O Teatro de Arena – Rua Teodoro Baima, 94, São Paulo, Brasil – tem uma característica básica, que se encontra justamente naquilo que não tem, isto é: não tem espaço entre o exterior e o recinto, não existe um lobby; de forma que os espectadores devem aguardar, passar o intervalo, e ainda mais, ter a conversa final na calçada.
Conversar numa calçada, tomar uma cerveja na rua, é já um episodio raro, uma possibilidade que, de fato, foi saindo das nossas vidas sem advertência nenhuma: a rua, espaço coletivo por natureza, tem rejeitado o coletivo para virar um lugar de passagem e jamais de encontro.
Assim, relatar uma dessas conversas acontecidas na calçada da Teodoro Baima, bem que valeria a pena, porém este texto vai se restringir a uma das suas temáticas: as duas palestras da noite de 24 de março de 2010 no interior do recinto.
Vamos lá.

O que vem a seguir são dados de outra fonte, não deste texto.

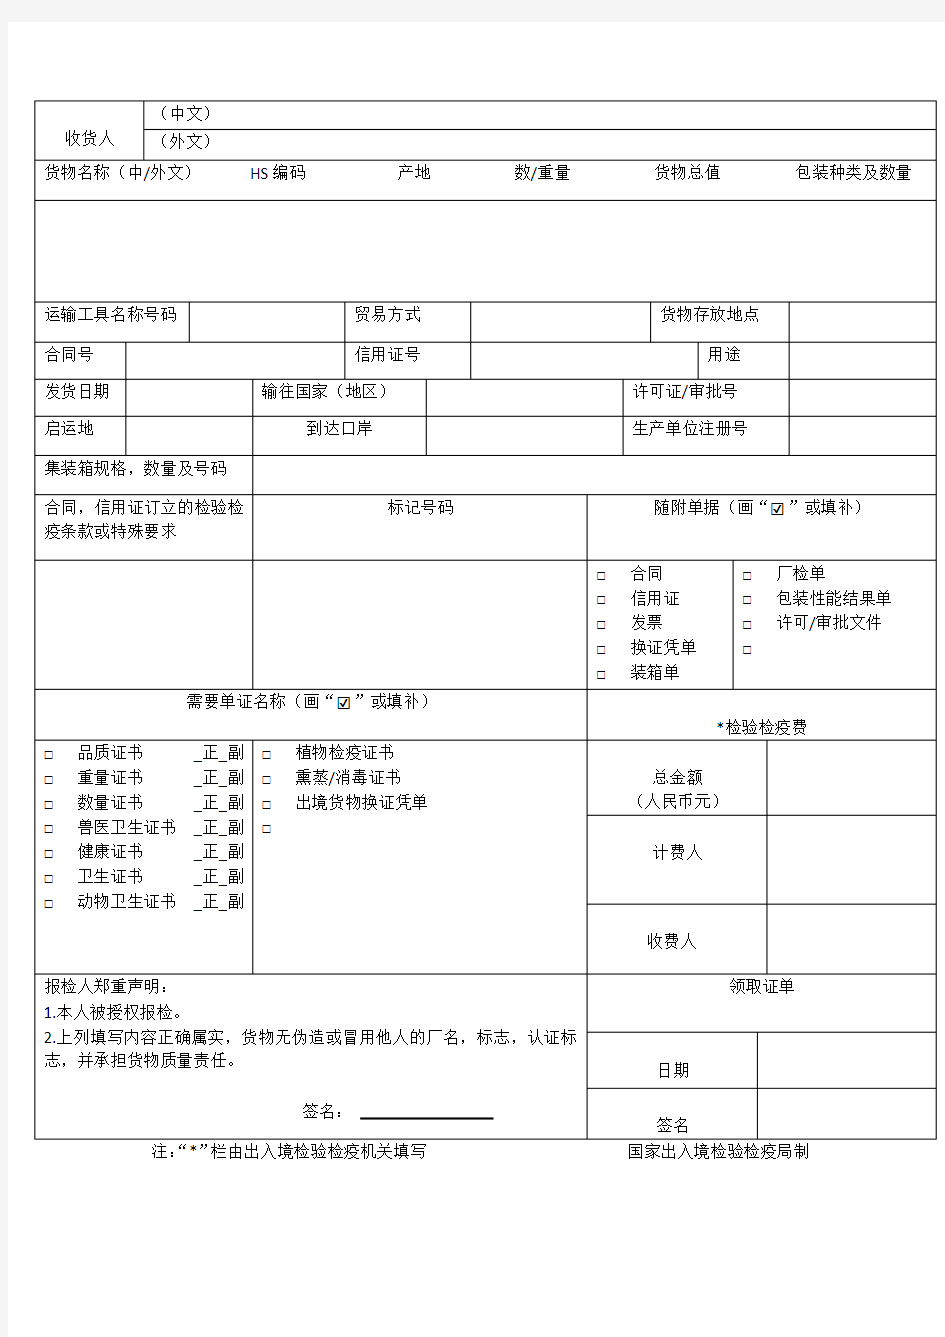 中华人民共和国出入境检验检疫出境货物报检单模板‘

Na primeira parte da noite, Wouter Osterholt e Elke Uitentuis, artistas holandeses que vêm trabalhando juntos desde 2005, expuseram duas de suas últimas obras; na segunda parte, Cristina Ribas, artista gaúcha que atualmente mora no Rio de Janeiro, conversou sobre várias de suas propostas recentes.
Antes do intervalo
As obras apresentadas por Osterholt e Uitentuis foram: Cidadãos Modelos, realizada no Cairo, Egito (2009), e Sua casa está em nossas mãos, realizada em Victorville, pequena cidade situada a 160 km de Los Angeles, Estados Unidos (2009).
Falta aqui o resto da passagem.